Connie looked after his broad glistening back, the shirt peeled off and tied around his waist. “What’s he talking about?”

“I have to fall by Oldtown later and present our new recks.”

“Wrecks?”

“Half word, half rib. Grasp, it’s a request but we wish it was a requisition. For what we want to do scientifically this winter.”

Connie made a face. She let Luciente burble on awhile about the Shaping controversy, but finally she burst out, “It’s so hard for me to think of you as a scientist!”

“How not? I don’t comprend.”

“I mean the only scientist I know is Dr. Redding … . I guess we’re his experiments. But I’d hardly ever meet a scientist, I mean, like in East Harlem. Not that I’d want to …”

“What’s different about meeting a scientist and meeting a shelf diver?”

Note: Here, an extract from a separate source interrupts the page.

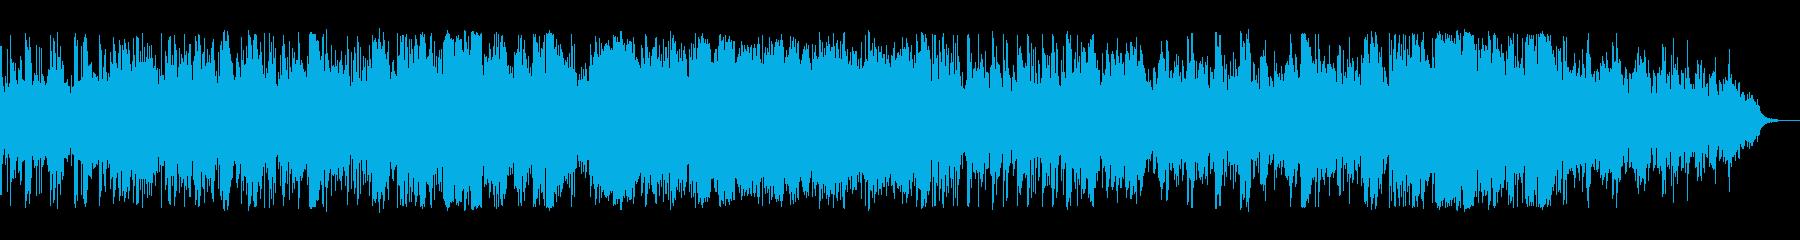 動画 感情的 説明的 クール 気分...の再生済みの波形

“Like my sister Inez, she lives in New Mexico. Her husband drinks, she has seven kids. After the sixth, she went to the clinic for the pill. You know–No, you can’t! It’s so hard for a woman like her–a real Catholic, not lapsed like me, under his thumb too and him filling her with babies one right after the other–so hard for her to say, Basta ya! And go for the pill. See, she thought she went to a doctor. But he had his scientist cap on and he was experimenting. She thought it was good she got the pill free. But they gave her a sugar pill instead. This doctor, he didn’t say what he was doing. So she got heavy again with the seventh child. It was born with something wrong. She’s tired and worn out with making babies. You know you have too many and the babies aren’t so strong anymore. They’re dear to you but a little something wrong. So this one, Richard, he was born dim in the head. Now they have all that worry and money troubles. They’re supposed to give him pills and send him to a special school, but it costs. All because Inez thought she had a doctor, but she got a scientist.”

“All this is really so?” Luciente stared from black eyes hard with wonder.

She looked away to the river, just a stream here with coffee‑brown waters. They were heading back toward Mattapoisett now, passing as always older people, children, young people working here and there, weeding and feeding, picking off beetles, setting out new plants, arguing earnestly with scowls and gestures, hurrying by carrying a load of something shiny balanced in a basket on the head or in a knapsack or basket on the back, baby under arm or on hip or back. “They like to try out medicine on poor people. Especially brown people and black people. Inmates in prisons too. So … you must test drugs on people too? You have to.”